Hier matin en Inde, les portes des 30 000 institutions chrétiennes d'enseignement sont restées closes, en
signe de protestation contre les violences dont sont victimes les chrétiens de l'Orissa depuis cinq jours. Dans cet État de l'est de l'Inde, le meurtre samedi dernier d'un dirigeant local du
Vishwa Hindu Parishad (VHP, ou Conseil mondial hindou), a en effet déclenché des émeutes, certains activistes hindous accusant la communauté chrétienne d'être à l'origine de l'attaque bien que la
police l'ait, elle, attribué à la guérilla maoïste.
Le bilan officiel est de 11 morts et de 25 églises incendiées.

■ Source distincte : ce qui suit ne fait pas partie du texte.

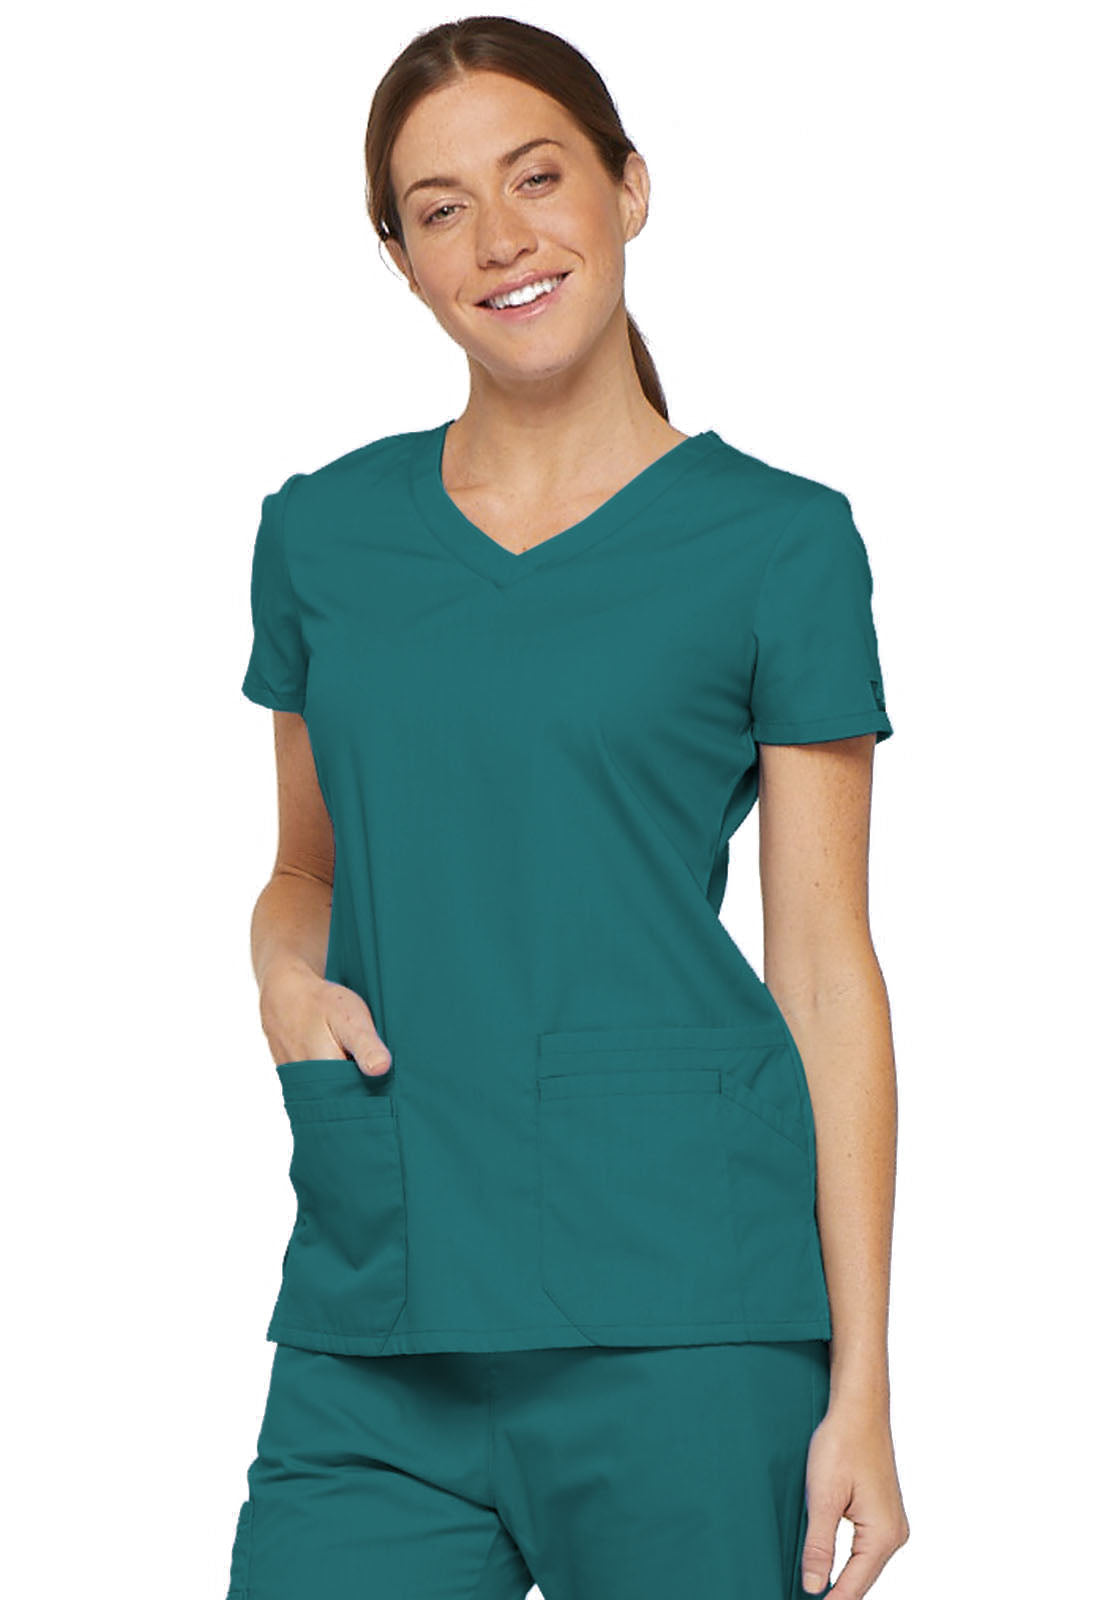 Exist. Conjunto Mujer Dickies EDS Signature Mod.85906/86206 Teal

Des centaines d'institutions et de maisons chrétiennes ont par ailleurs été saccagées, notamment dans le district de Kandhamal, où se concentre l'essentiel de l'agitation. Dans cette zone rurale reculée, plusieurs milliers de chrétiens ont fui dans les collines et forêts alentours, de peur d'être pris pour cible par les extrémistes hindous. Les premiers camps de réfugiés se sont mis en place.
Majoritairement tribal, ce district est l'un des plus pauvres de l'Orissa, mais aussi, depuis quelques années, le plus tristement célèbre. Des vagues de persécution anti-chrétienne ressurgissent épisodiquement, la dernière remontant à noël dernier. Les chrétiens, qui représentent 20% de la population (contre 2,3% au niveau national), sont régulièrement pointées du doigt par les organisations de l'hindouisme militant. Le religieux assassiné ce samedi avec quatre de ses fidèles, Swami Laxamanananda Saraswati, 85 ans, était d'ailleurs à la tête d'une campagne contre les conversions au christianisme.

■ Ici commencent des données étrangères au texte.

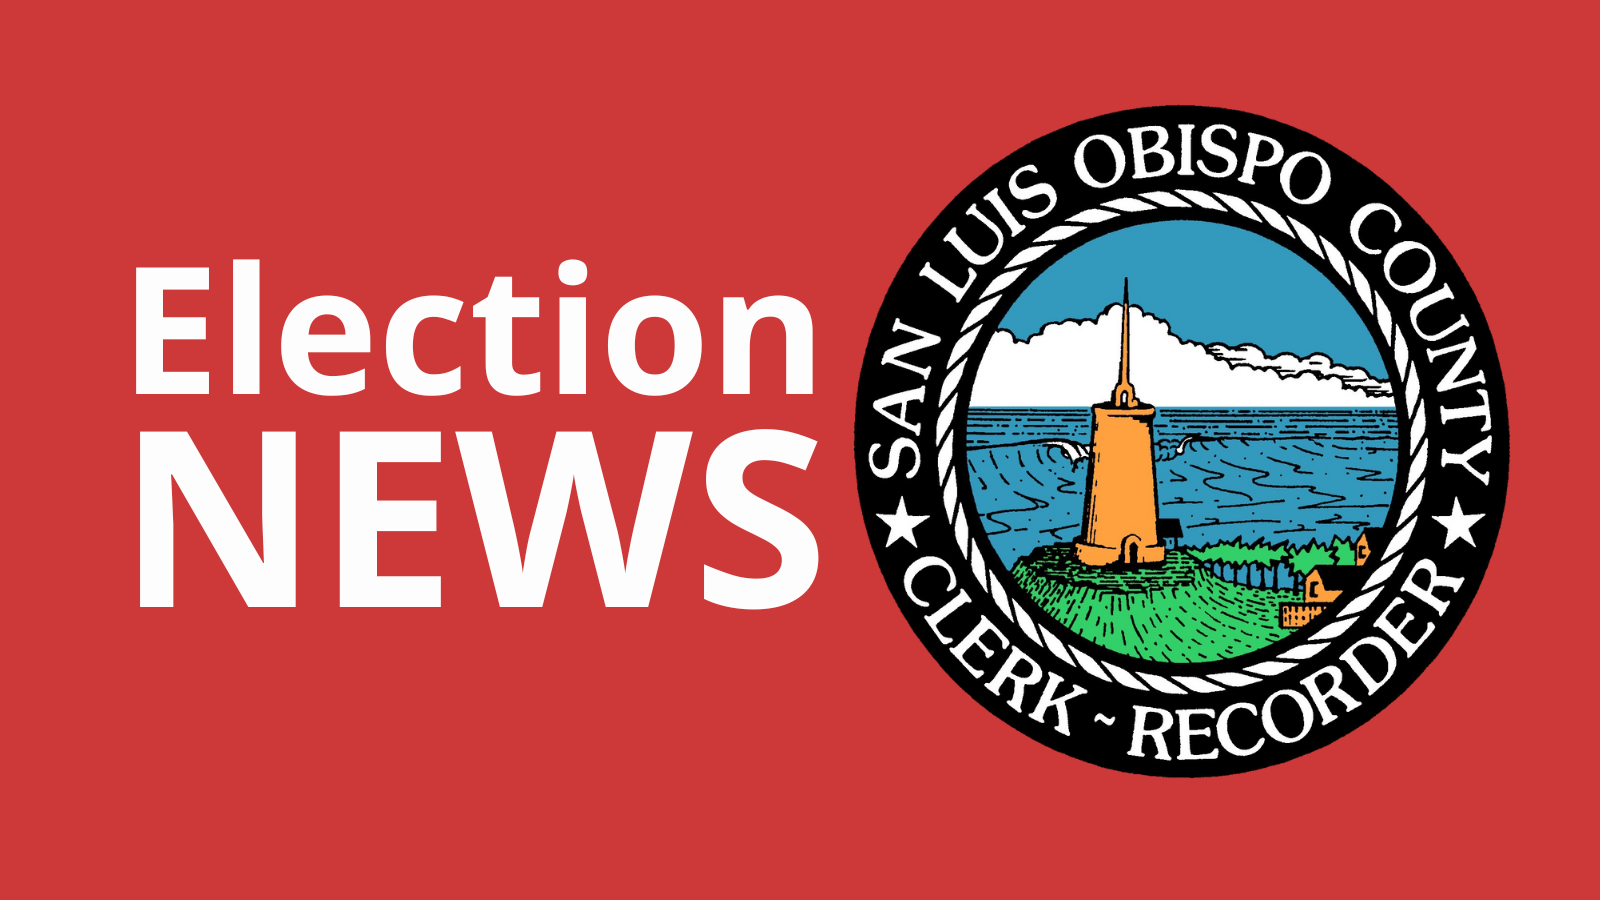 Image includes the official Clerk-Recorder seal next to the words Election News

Le prosélytisme chrétien reste une question très sensible dans le pays, particulièrement lorsqu'il concerne les tribus et les intouchables, où le zèle des missionnaires est souvent perçu comme agressif. Depuis plusieurs décennies, des activistes comme Saraswati militent ainsi pour "ramener" ces populations convertis dans le giron de l'hindouisme. Le gouffre entre les deux communautés s'agrandit donc un peu plus chaque jour. La dimension politique des récentes violences ne peut cependant être ignorée, les élections législatives locales en Orissa se tenant dans quelques mois.